Any of those stories could have a video or package to accompany it online. Some are more visual than others. Or just put together a fuel price map, which would be useful if you cull the Gas Buddy data or get really active users to offer input so it’s constantly updated.

Anyway, that’s just a quick brainstorming session so later this summer when my editor taps me for a gas price update I have a jumping off point. Any great ideas — especially non-traditional ideas since many of mine are quick-hit features — you guys have are welcome and would be awesome to add to my list.

3 Responses to “Reporting on record gas prices, again (and again)”

  1. Kate Martin Says:

    Great story idea list. School districts in my area are budgeting fuel costs for $5 a gallon diesel for 2008-2009 school year.

    Aside from my beat, I’m tasked with writing a feature on tips to increase MPG. I recently bought a 2004 Prius (my 1995 Ford Taurus’ transmission died). There are good Web sites out there for mpg fanatics (hyper milers) or hybrid users: cleanmpg.com, priuschat.com to name a couple.

  2. Charles Says:

    For some people, driving to work won’t be economic at [INSERT PRICE HERE]. Who are those people, and what is that price?

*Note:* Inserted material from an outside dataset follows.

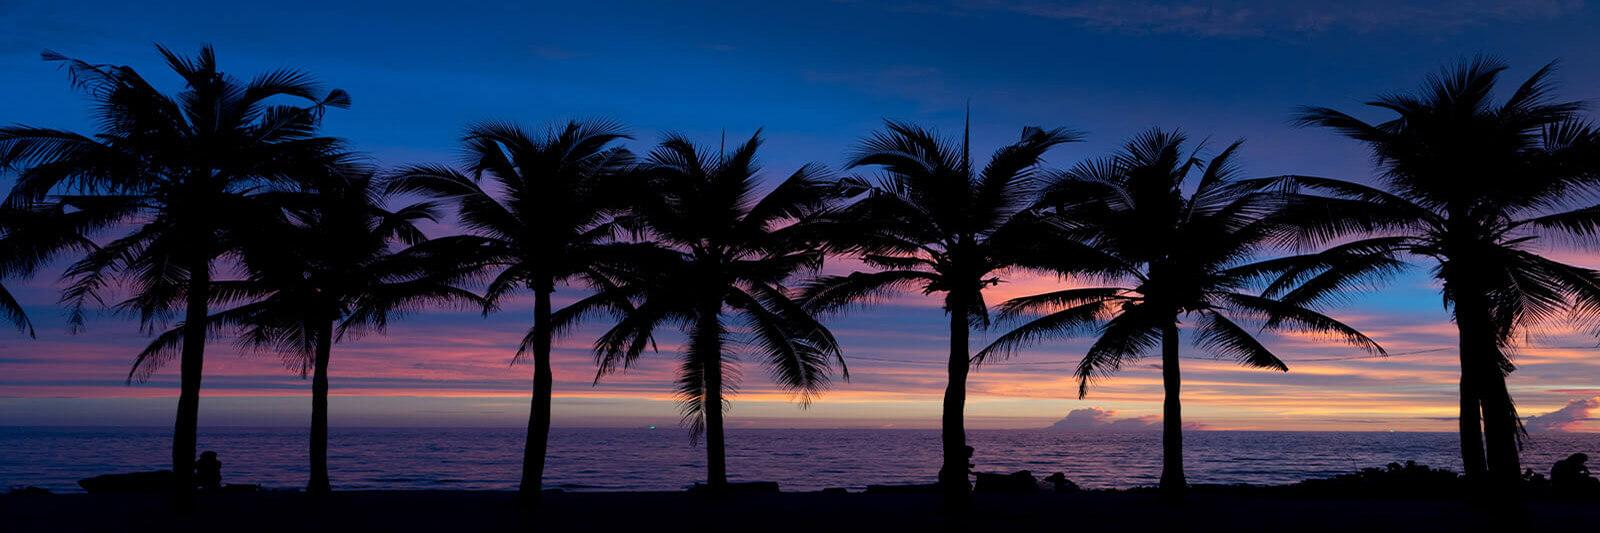 Sunset at the beach on Ko Samet, Thailand

    Good list though. Then again, you think you have it hard? In the UK, we’re at $2.60 per *litre*. Plug in a spreadsheet and see how you’d like *those* numbers.

  3. Bryan Murley Says:

    $.28/mile is extremely low. I think that’s what it was when I was reporting in 1991. The current IRS rate is almost twice that. I wonder if you can deduct the difference on your tax forms? Either way, your editors should increase their mileage reimbursement.